Speaking the truth in love in a day of theological declension

In one of his books, Francis Schaeffer depicts the two problems that can afflict those desiring to be true to the Christian Faith in days when biblical truth is under attack. On the one hand, some become hard and brittle in their response to errorists and develop low tolerance levels. Such men and women become schismatics and dare to break fellowship over secondary, even tertiary, issues. The history of the Church in North America in the twentieth century is strewn with such. But there is another danger. In such times, the desire to be balanced and to act in love can lead to a latitudinarianism that has lost any geographical sense of where the boundaries of orthodoxy lie. Such people, albeit, I trust, acting out of good motives, become so tolerant that they do not realize they are no longer faithful gatekeepers. They fail in affirming the boundaries that guard the core of biblical Christianity and thus betray what has been entrusted to them. As Dr. R. Albert Mohler, Jr., has rightly noted, “A word that can mean anything means nothing. If ‘evangelical identity’ means drawing no boundaries, then we really have no center, no matter what we may claim.” [“Reformist Evangelicalism: A Center without a Circumference,” in A Confessing Theology for Postmodern Times, ed. Michael S. Horton (Wheaton: Crossway, 2000), 146].
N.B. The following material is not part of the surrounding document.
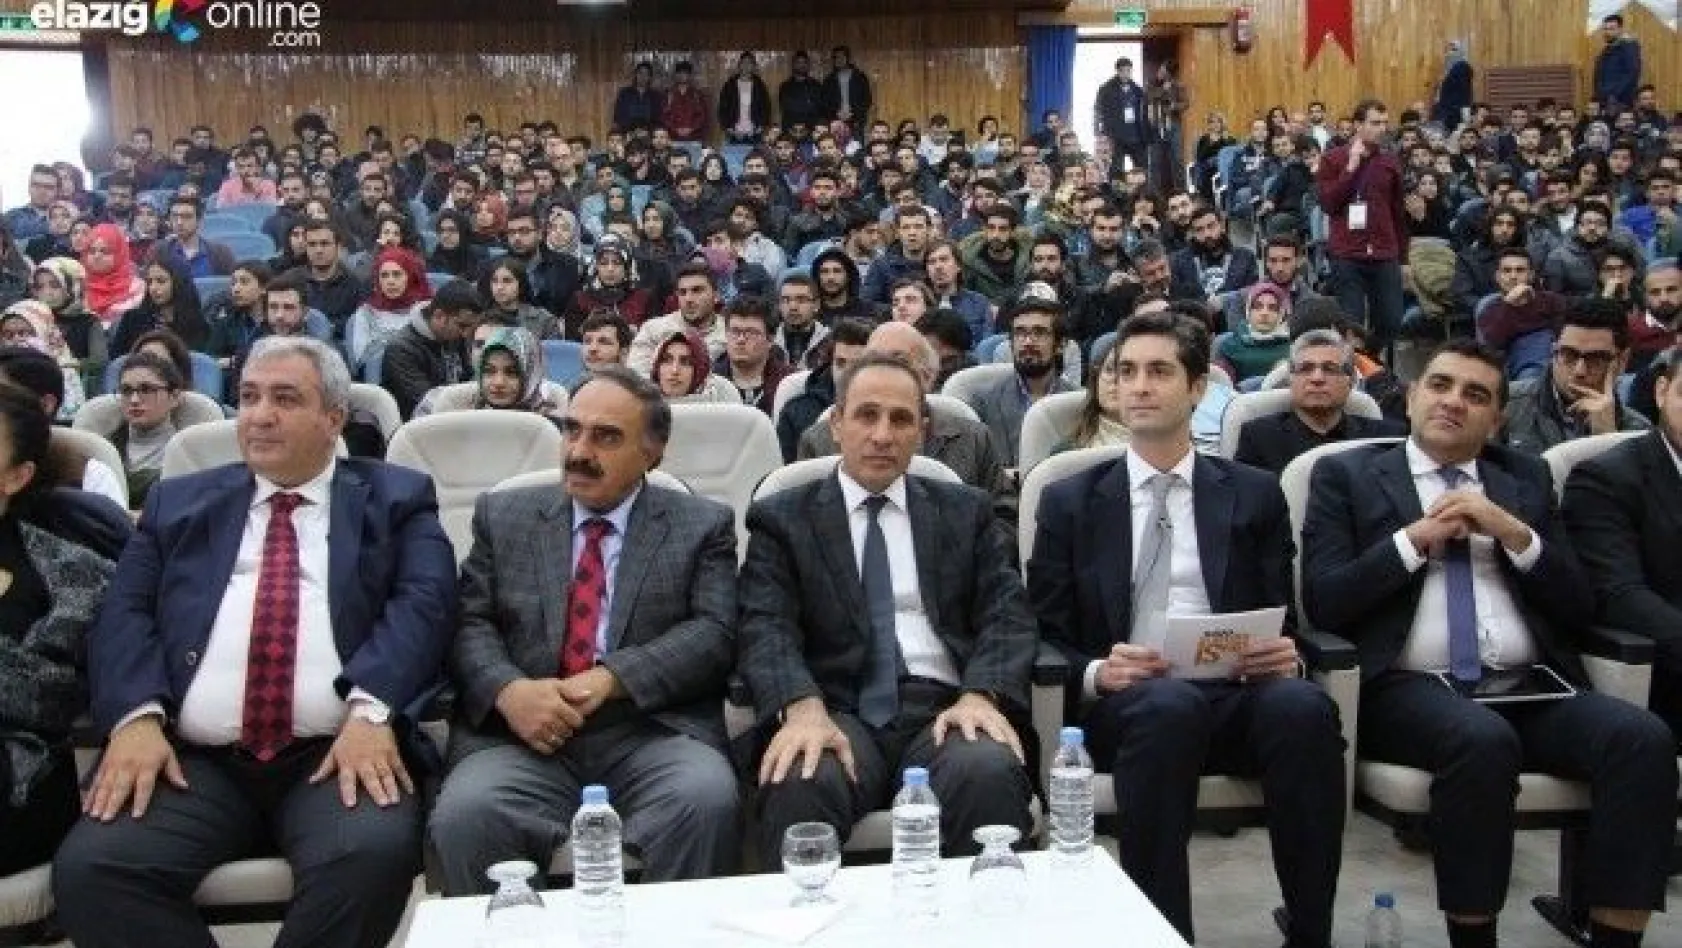 Elazığ'da girişimcilik paneli düzenlendi

I have never forgotten being told by one who was entrusted with an important charge that as he got older in the Christian life, there was more and more that was simply grey and unclear. I am thoroughly convinced now that at work in such a life was a loss of biblical priorities and imperatives and the emergence of an unhealthy latitudinarianism.

For the past thirty years or so Evangelicalism has found herself increasingly embattled within as she is being forced to engage with what are concessions to the spirit of the age that imperil the gospel. And no surprise, we are seeing the emergence of a latitudinarian spirit that is deeply disturbing. Let us guard the gospel and affirm the clear boundaries of the Faith—and let us do so with love. “Speaking the truth with love”: both are needed.